騒動の種は其処に有り
「それでも、僕はちょっと嫌だったの。留さんが用具の子達すごく可愛がってるのは知ってる。そのままの留さんでいてほしいとも思うけど、たまにはこっちも向いてくれないと、本当に他の人としちゃうよ?」
「・・・・」
「嘘。留さんがいる限り、他の人としちゃうなんてこと、絶対ないけど・・・。でもたまには、こっちのことも見て?」
「・・・ごめん、俺、伊作なら大丈夫だ、わかってくれるって勝手に思ってて・・・完全に俺の甘えだよな」
「留さんに甘えられるのは、嬉しいからいいよ。でも、たまには僕のほうも向くってことだけ、覚えておいて」
「わかった。ごめんな。文次郎殴りに行くのはやめるから、お前も作のこと殴りに行くなよ?」
「僕が後輩に怪我させるわけないでしょ」
「だな」
二人で抱きしめあって、仲直りのキス。
そしてその頃の天井裏では・・
『おい、寝るんじゃなかったのか』
『こんな面白そうなもの見逃すわけがないだろう』
というわけで、覗き組がいたのだが・・・
『文次郎。私に砂の吐き方を教えろ』
『仙蔵。あいつら殴ってきてもいいか?』
覗きに来たことを早々に後悔するだけであった。
翌日の用具委員会。
「作、一昨日、熱でなかったか?」
「はい。
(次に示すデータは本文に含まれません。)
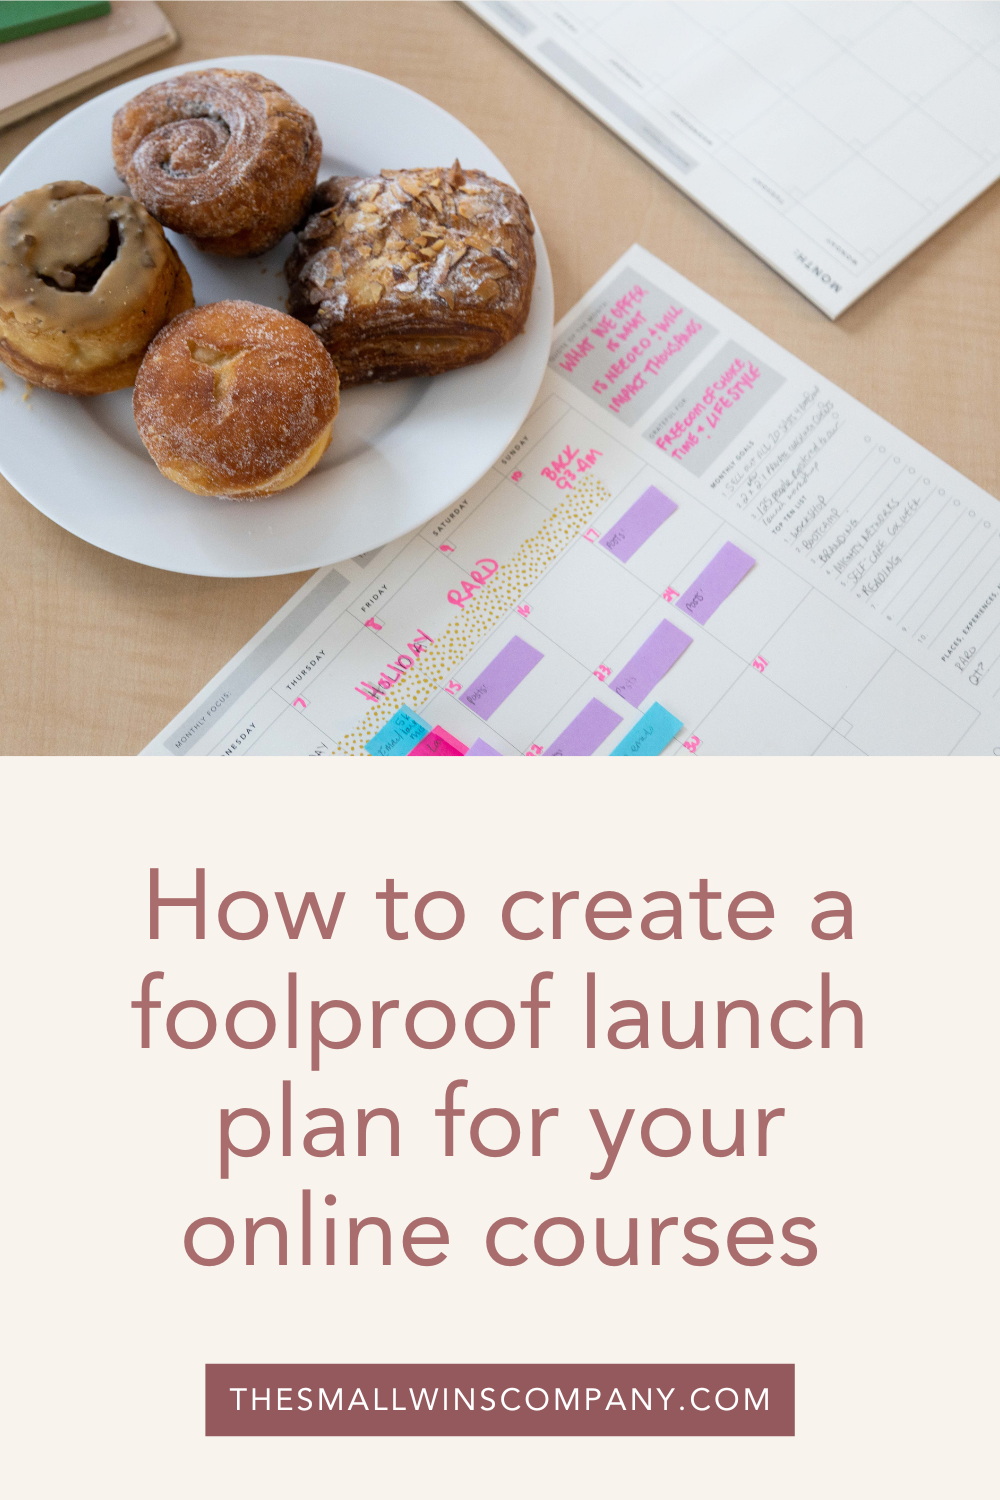 How to create a foolproof launch plan for your online course

なんか俺、一昨日は今思い出しても恥ずかしいこといっぱいしちまって・・・すみませんっ」
今日はどうやら普段どおりの富松作兵衛のようだ。
「いいって。でもどうしたんだろうな?」
「さあ・・・自分でもよく分からなくて」
「なんか変なもんたべたのか?」
「そういわれても・・・」
一昨日の朝からの行動をじっくりと思い出してみる。
「あ、そういえば!朝、左門がどっかから飴玉拾ってきて俺にくれたんですよ」
「飴玉?」
「どうせいつもみたいに厠に行こうとして、どっか変なとこにいっちまったに決まってますけど」
「毎度毎度大変だな」
「もう慣れたんで。んで、その飴玉なんですけど、見た目は桜色でものすごくおいしそうなのに、食べてみたら全然甘くなくって薬みたいな味しかしないんですよね。でも、まさかあの飴玉もどきが原因なわけがないんですけど」
作兵衛の話を聞きながらふと留三郎も一昨日の朝のことを思い出す。
朝のトレーニングが終わって、伊作を起こしたとき・・
「そういえば一昨日の朝・・・伊作が・・・桜色の丸薬がなくなったって騒いでたような・・・」
「え、じゃあ俺が食べたのって・・」
間違いようもない。
結局この二人が巻き込まれる騒動の種はそこにある。
「おい、伊作ーーー!」
「おい、左門ーーー!」
二人の怒声が今日も平和な忍術学園に響き渡った。